Personal Experiences with Sexism

When Schlafly is the only woman at a meeting in Barry Goldwater’s Senate office, she’s asked by an aide to take notes. She complies, but is clearly insulted by the request. 

Critchlow: “A very prominent Republican senator had made a pass at her, Phyllis told me about. This was in the daytime, by the way, she thought he was drinking. He had come to visit her with another Republican at her house in Alton and Phyllis was so insulted by this, he was a conservative Republican. Phyllis had never forgotten that.”

“She wouldn’t have used these words, but she thought a lot of the men in the Republican Party who were supporting [the feminist constitutional Equal Rights Amendment] were just demeaning grassroots women, that they treated them like they didn’t know what they were doing.”

“To make her this cowering woman is absurd. I mean, she took on all of the men in the Republican establishment, including the president of United States, Gerald Ford, at that point. All of the major Republicans in the party were in favor of ERA. She took on those male figures.”

Her Relationship with Eleanor Schlafly

Schlafly’s sister-in-law Eleanor is portrayed as increasingly disillusioned with Phyllis’s activism. 

Critchlow: “The depiction of the sister-in-law Eleanor Schlafly was really just downright despicable. Eleanor Schlafly had her own very active social life in St. Louis, she lived in Ladue. The idea that is expressed in the episode that she wanted to marry a divorced Catholic to see if he was eligible was—if you knew the Schlaflys or Eleanor, whom I knew quite well—really laughable. That was really a travesty how they depicted Eleanor Schlafly.”

Tolerance for Racism in STOP ERA

A scene at a STOP ERA meeting shows the leader of a Southern chapter attacking “commie radical lesbians” and “uppity Negroes,” proceeding to depict Schlafly’s efforts to keep the woman and her allies involved in the organization because they’re effective organizers. 
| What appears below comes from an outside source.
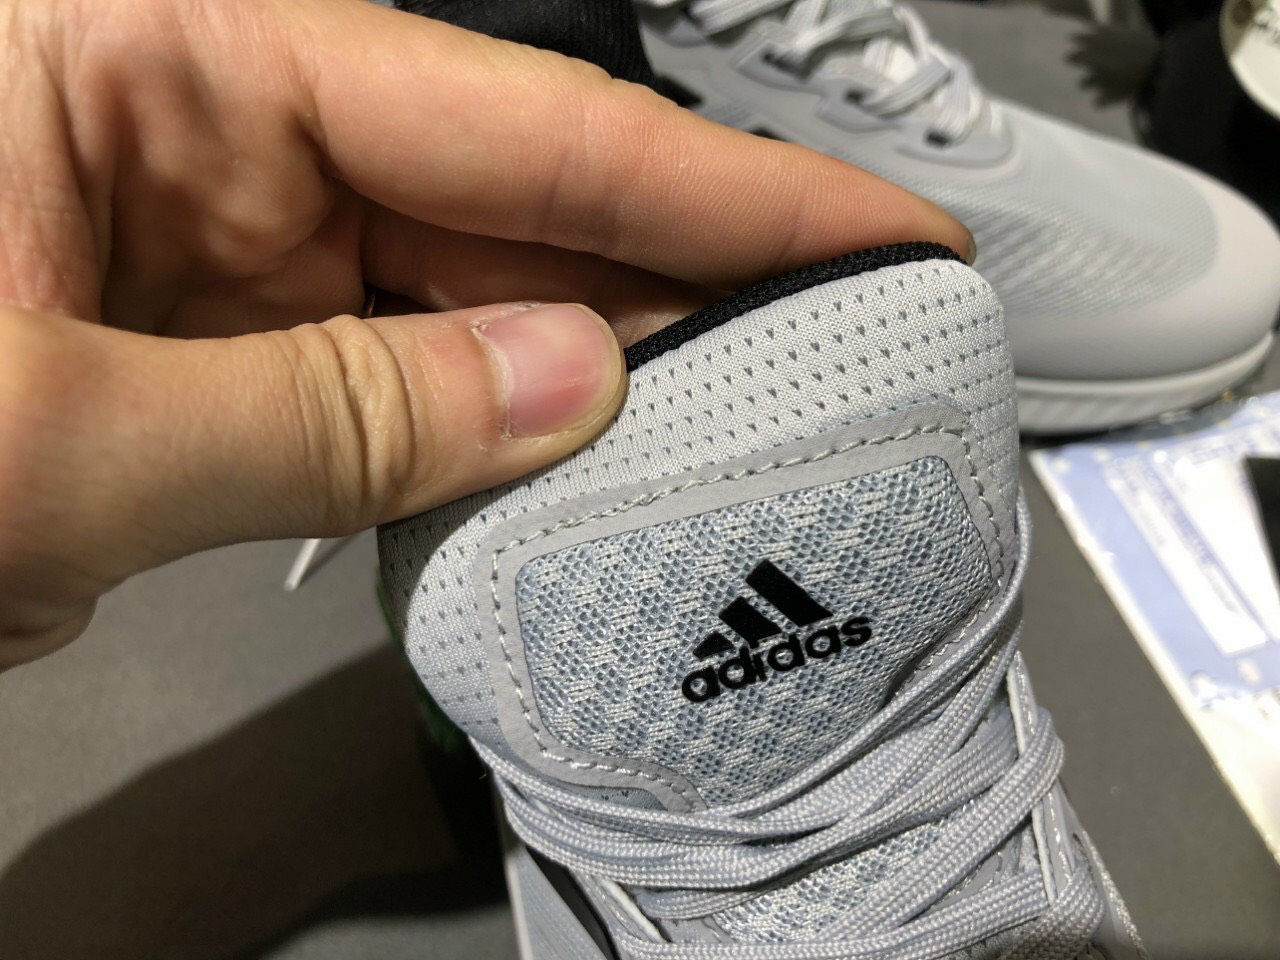 Giày Adidas Alphabounce 2022 Xám Chuột Rep 1:1

Critchlow: “STOP ERA reached out specifically to the black community and there were busloads in Houston of black church members attending the STOP ERA conference. So there was a deliberate tactic of reaching out to black churches in particular. Similarly with the Jewish community — Phyllis Schlafly is often accused of being antisemitic, but she in the 1950s had received the award from the Jewish Christian Fellowship Committee in St. Louis.”

“In the South, in some chapters, there were women who were involved in the John Birch Society*, and there were a few, a small minority of women who have been involved in activities against desegregation. But this was a clear, clear minority. So I think charges of racism are completely unfounded.”

“Phyllis Schlafly, one of the attacks on her, was that she was working with the KKK. What happened was that the KKK, which is many organizations, one chapter in Illinois came out against ERA and claimed they were working with Phyllis Schlafly, and Phyllis Schlafly repudiated the KKK.”

“Phyllis Schlafly’s files are immense, with great correspondence between state organizers, state activists and Phyllis Schlafly and I did not find a instance of people raising racial issues. Indeed, I found a lot of discussion about reaching out to black churches. So I didn’t find a record of that. That’s not to say that some people, some of the activists, and I think some of the activists might have had racial feelings and that they opposed desegregation earlier, but not at that point.”

“There’s no record of [Schlafly tolerating racism.] In fact, Phyllis Schlafly actively worked for Richard Nixon in the ’68 campaign and her role in that campaign was trying to persuade voters who might go for Wallace to vote Richard Nixon. The race issue in the ’68 campaign, in the Wallace third-party run was important, and Phyllis Schlafly stood on the side of Richard Nixon.”

Her Relationship with the Family Housekeeper

The show implies towards the end of Episode 3 that Schlafly lack of self-awareness insulted her African-American housekeeper

Critchlow: “They did have a black housekeeper that was really part of the family. After Fred had died and Phyllis had moved from Alton to St. Louis, she continued to work in the home. I think she was an important figure in the house. I got to know her, I spoke to her just individually. She was quite forthcoming, and she had great respect for Phyllis Schlafly.”

Doomsday Prepping

The final scene on Episode 3 follows Schlafly into the basement of her home, which is stocked with gas masks and canned goods. 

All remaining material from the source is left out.